Manchester’s nightlife scene has always been a major attraction, with countless bars and clubs opening their doors to revellers seeking a good time around every corner.
Two clubs that stood out from the rest were the Discotheque Royale and Piccadilly 21s, both of which were iconic nightspots that captured the imaginations of partygoers in the 90s.
Discotheque Royale, located in the historic Theatre Royal building on Peter Street, was a popular party spot that opened its doors in 1978.
It quickly became known for its energetic atmosphere and memorable club nights that drew in crowds from all over the city.
Over the years, the club underwent several rebranding efforts and was known as Coliseum and M-Two before closing its doors for good in 2009.
Piccadilly 21s, on the other hand, was located in the heart of Piccadilly Gardens and was a party paradise that Manchester needed.
The club had a reputation for being loud, messy and sticky, but also for its notoriously cheap drinks.
The club was infamous for its rough atmosphere, frequent fights, and involvement in dodgy gang drug deals.
The building previously housed a massive Woolworth store, which was tragically affected by a deadly fire in 1979, resulting in several fatalities and subsequent safety regulations.
It also featured a hot dog seller outside selling 50p a punt hot dogs that often caused huge queues late into the night.

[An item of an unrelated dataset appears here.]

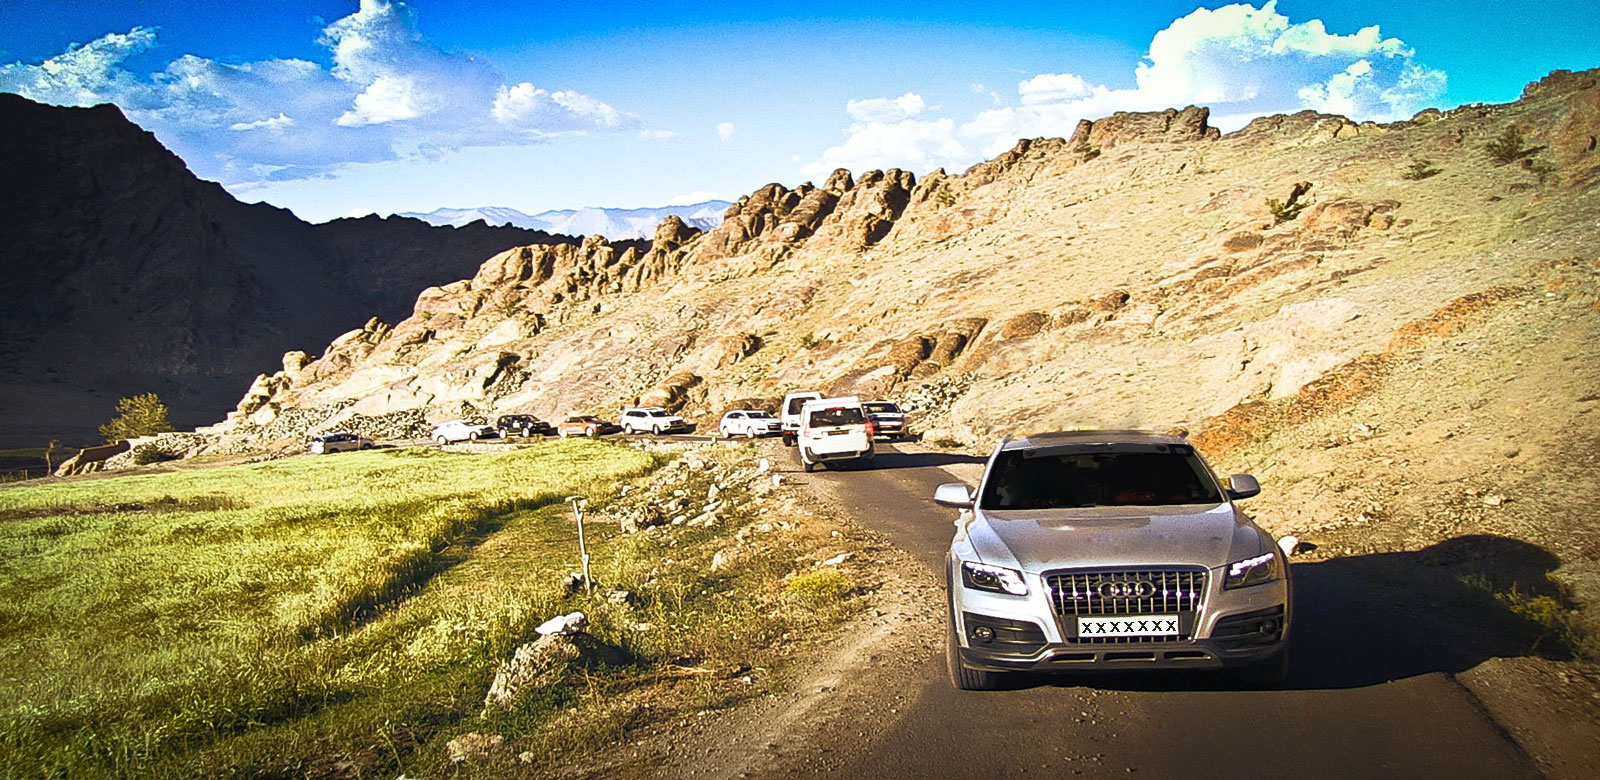 Special - Leh Ladakh Car Trip , HD Wallpaper & Backgrounds

After years of closure, the building was transformed into an amusement arcade and nightclub, both known for their loud and cheap entertainment.
Piccadilly 21s attracted a crowd of individuals who couldn’t get into other, more popular venues, earning a reputation as a “spill-off” club.
The club featured two spacious floors, with a large dancefloor on the first floor and a surrounding balcony.
The upstairs area included a dark and quiet seating area, as well as a VIP section in the far corner, known for its extravagant and train carriage-like design.
It was known for its unique features, including chandeliers and plush sofas in the toilets, that set it apart from other clubs in the city.
Unfortunately, 21s gained a somewhat sinister reputation as gang members and other unsavoury figures became a solid part of its clientele, leading to its permanent closure in 2004.
Manchester’s favourite nightclub
For many Manchester locals, Discotheque Royale and Piccadilly 21s were the go-to places for a night out.
Usually, people would go to one or the other, depending on their preference for music, atmosphere, or just personal preference.
Discotheque Royale attracted crowds with its lively music scene and electric atmosphere, while Piccadilly 21s was famous for its cheap drinks, unique décor and energetic ambience.
For those who frequented Discotheque Royale, the club left an indelible mark on their memories.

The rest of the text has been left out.